(Dataset section Opens)
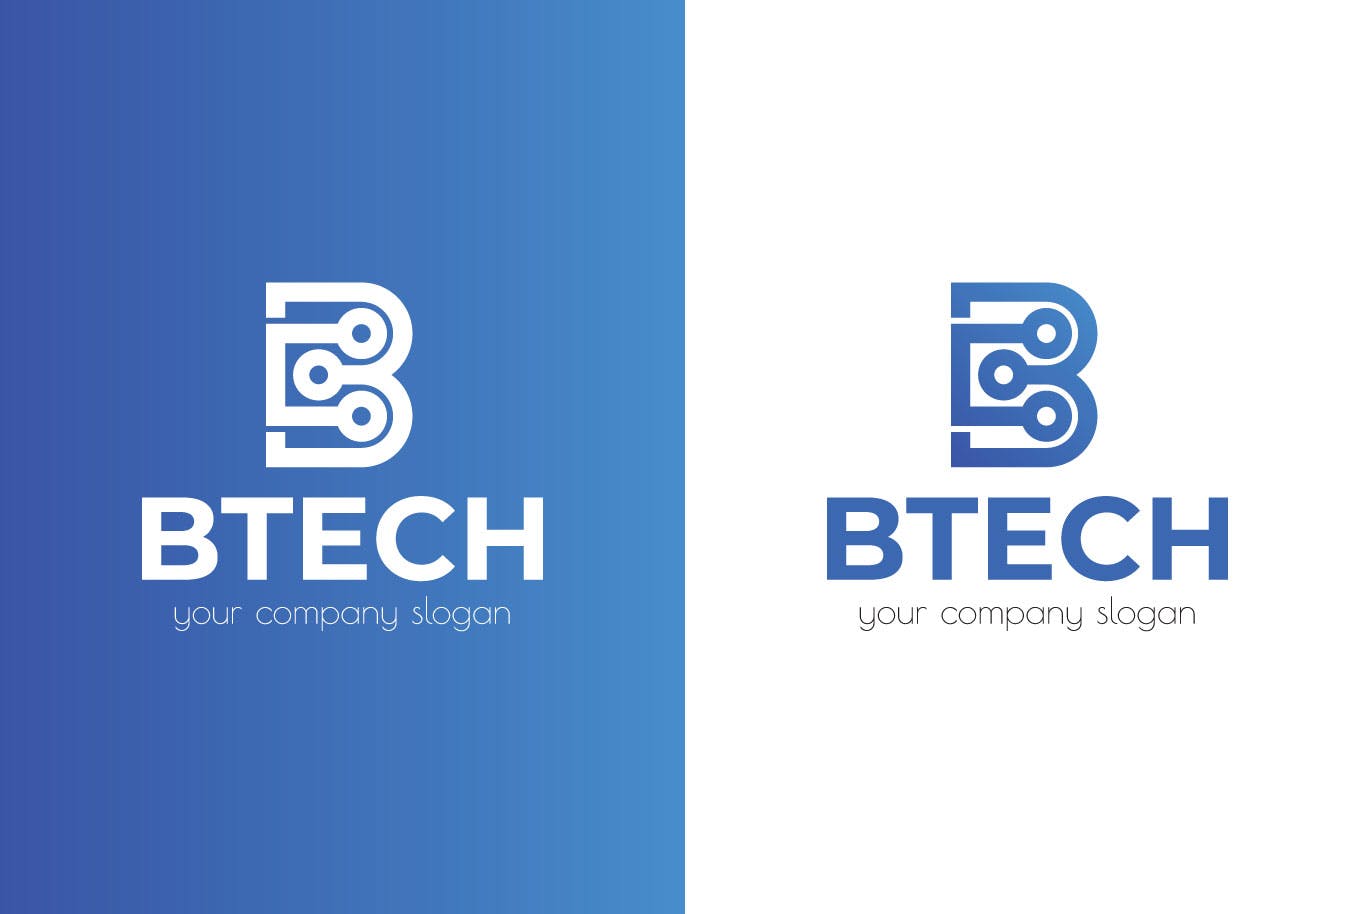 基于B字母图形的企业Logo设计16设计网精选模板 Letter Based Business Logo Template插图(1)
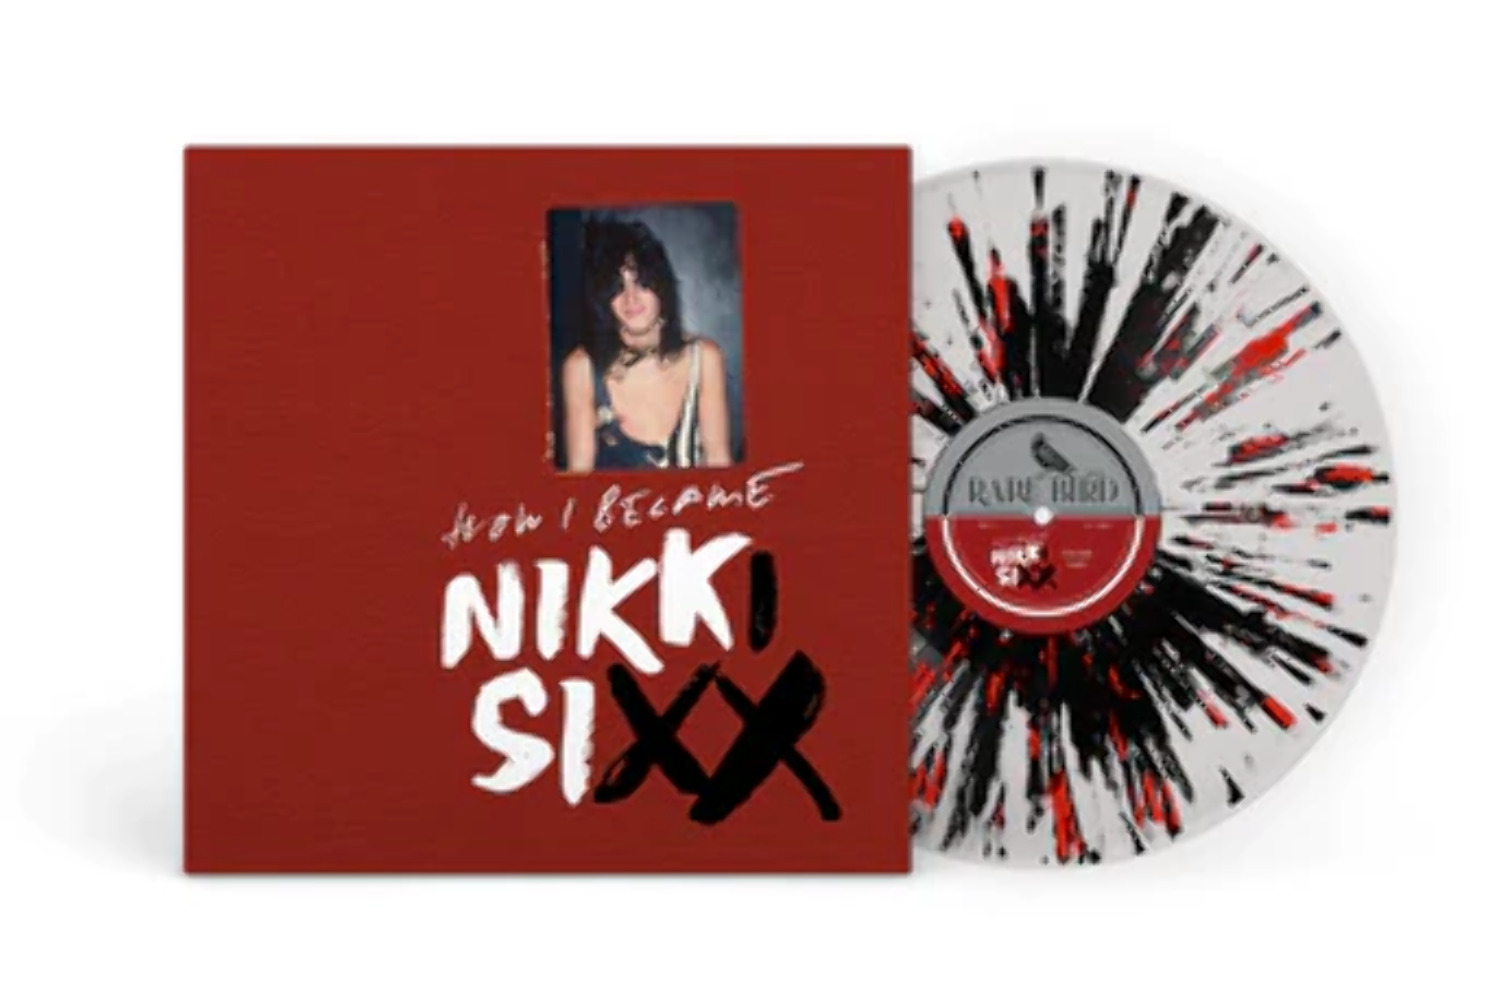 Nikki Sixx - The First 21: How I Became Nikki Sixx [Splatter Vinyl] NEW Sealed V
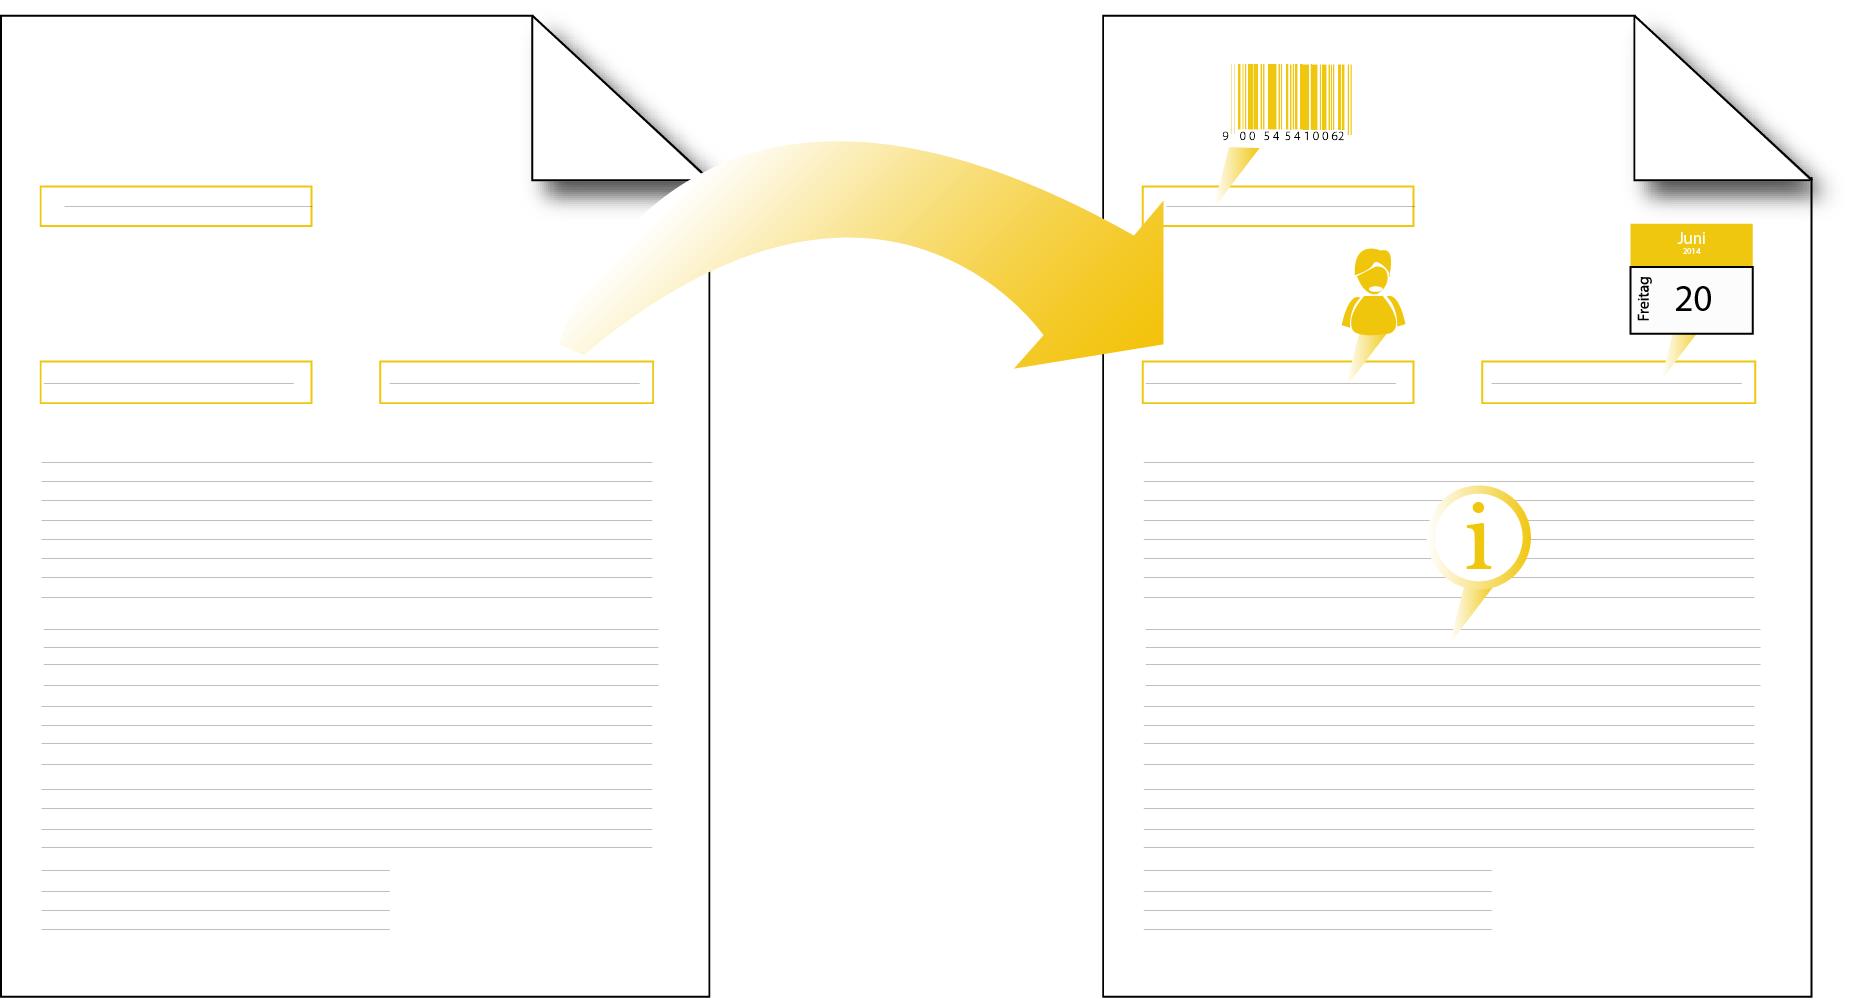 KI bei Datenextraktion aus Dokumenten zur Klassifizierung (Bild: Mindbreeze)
(Dataset section Closes)
* _Required action_:
Beginning with the line that holds "Nikki Sixx - The", extract every line to the end of the material, exactly as it stands, and drop the pictures.

* _Result of the task_:
 Nikki Sixx - The First 21: How I Became Nikki Sixx [Splatter Vinyl] NEW Sealed V
 KI bei Datenextraktion aus Dokumenten zur Klassifizierung (Bild: Mindbreeze)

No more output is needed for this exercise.